A Focus on Secret Kinds of Spaces for Children

Do forts and cubbies have a role in children’s learning and childhood?

Education writer David Sobel (1993) has helped in developing the philosophy of place based education. His work emphasises the importance of children having opportunities to discover or to create their own specials spaces to children’s overall development, learning and emotional wellbeing. He advocates that children need spaces that are “secret” to them or that allow them to host their own secrets.

You might like to read more about David Sobel’s work at the Children and Nature Network:

Place based education is finding its way into schools and communities.

Have a look at the ECO CUBBY Project in Victoria (2009-2013) which had lasting outcomes for children, schools and communities.

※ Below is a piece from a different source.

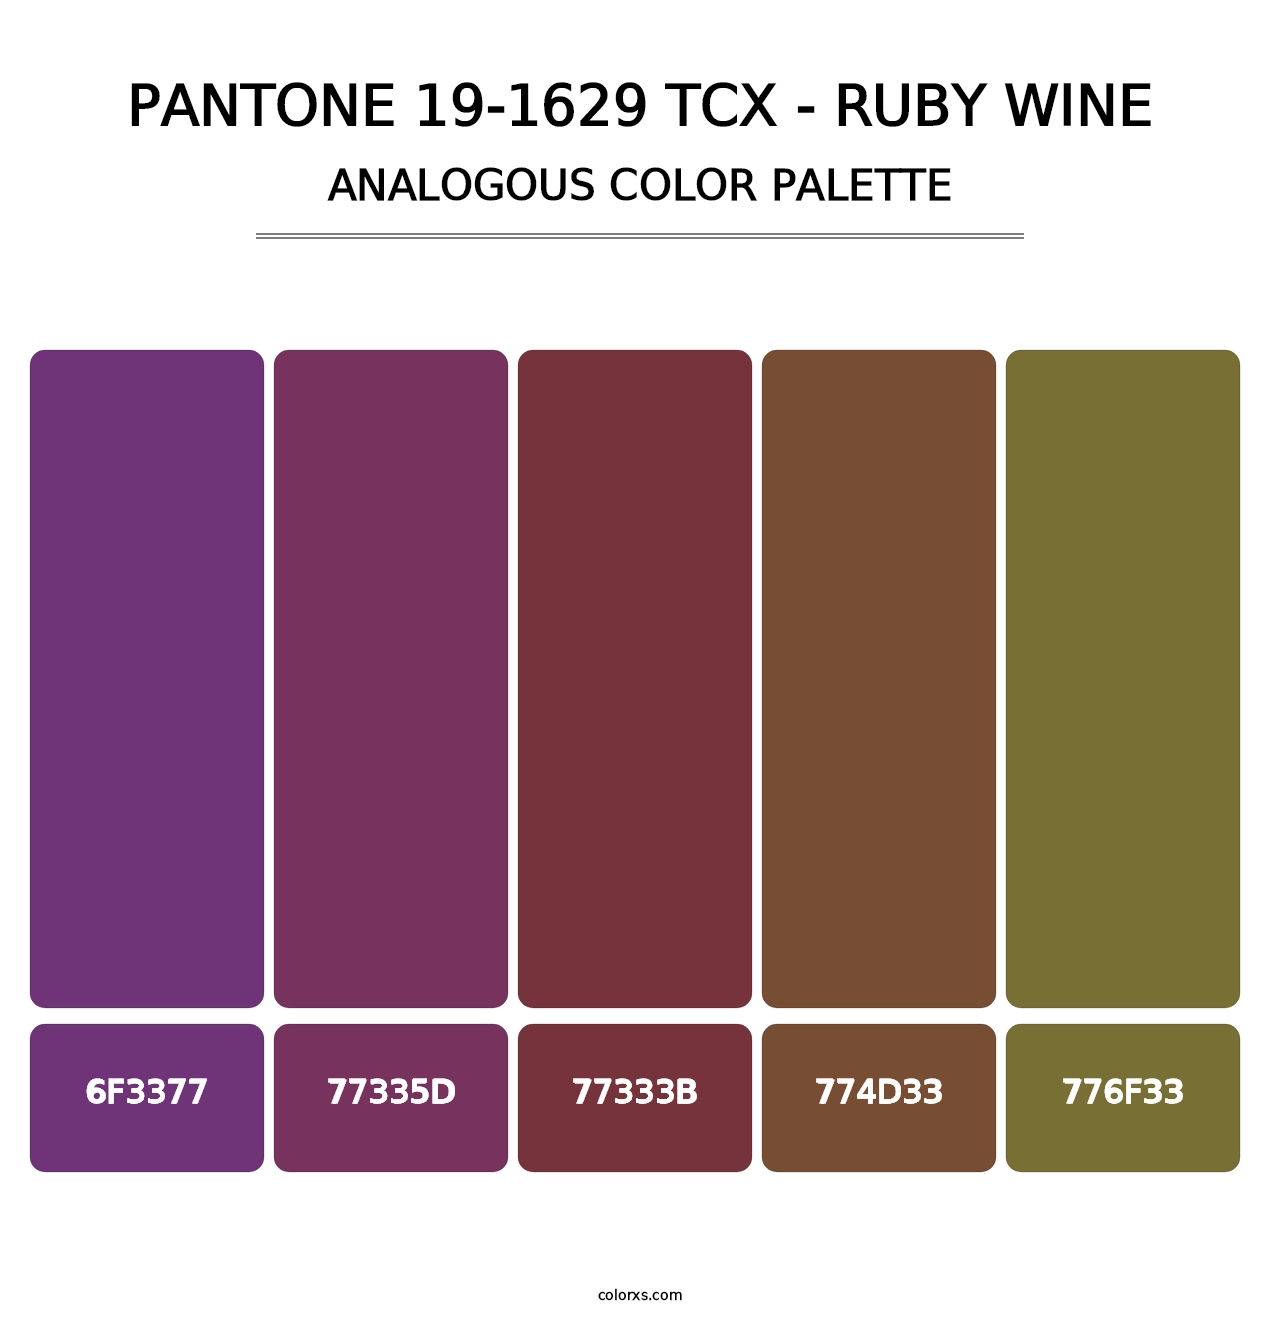 PANTONE 19-1629 TCX - Ruby Wine - Analogous Color Palette

Architects, children and their teachers and families came together to design, plan, and think and to create ECO CUBBIES in homes, schools and in their communities. The idea behind this project was to promote sustainable design thinking with children, where adults created contexts for learning from their deep listening of children as they explored place and space.

You might enjoy the resources and tools this project has to offer:

What do you think happens for children’s learning and development when they build cubbies, forts or create a secret space?

Jason Tyndall from Nature Play South Australia shared his observations of a cubby making day with children and their families in July 2015:

As it started to take shape I could see the numerous and immeasurable benefits the day would bring. I saw teamwork, with larger sticks needing several people to transport them; problem solving, such as how to get a rope over a high branch to make a swing; sharing, as materials were scarce at times; adventure, as children explored new areas; mentoring, as parents taught their children new skills such as tying knots; creativity, as children were given the license to build a cubby in any way they wanted to; pride and ownership, as children built something to call their own; language development, as stories and dialogue were attached to the cubbies; and finally, the most powerful element of all, the feeling of community, not only amongst participants but also with the natural world around them.


So what do you think?

In the Australian context of increased need for STEM education and graduates with expertise, passion and skills in the STEM areas – do you think children discovering or creating their own special spaces such as forts and cubbies has a role in children’s learning and childhood?

The Mitchell Institute Report Quality Education for All states that an education system oriented towards the future requires creative, entrepreneurial, resilient and capable learners. (April 2016 p.2)  In the global context where there is a shared emphasises towards increasing innovation and creativity – do experiences like fort and cubby making which involve all the senses, body and mind together,  have a role?

Professor Carla Rinaldi argues that school is both a place of transmission and the creation of culture and values. “It is a place that recognises children as citizens. It is a place of possibilities, where knowledge and identity are co-constructed and learning processes are investigated always in relationship with others – “Rinaldi, C, In dialogue with Reggio Emilia: Listening, researching and learning. U.K., Routledge: Psychology Press. P12.

How might place based learning enhance children as citizens and co –constructors of culture and values?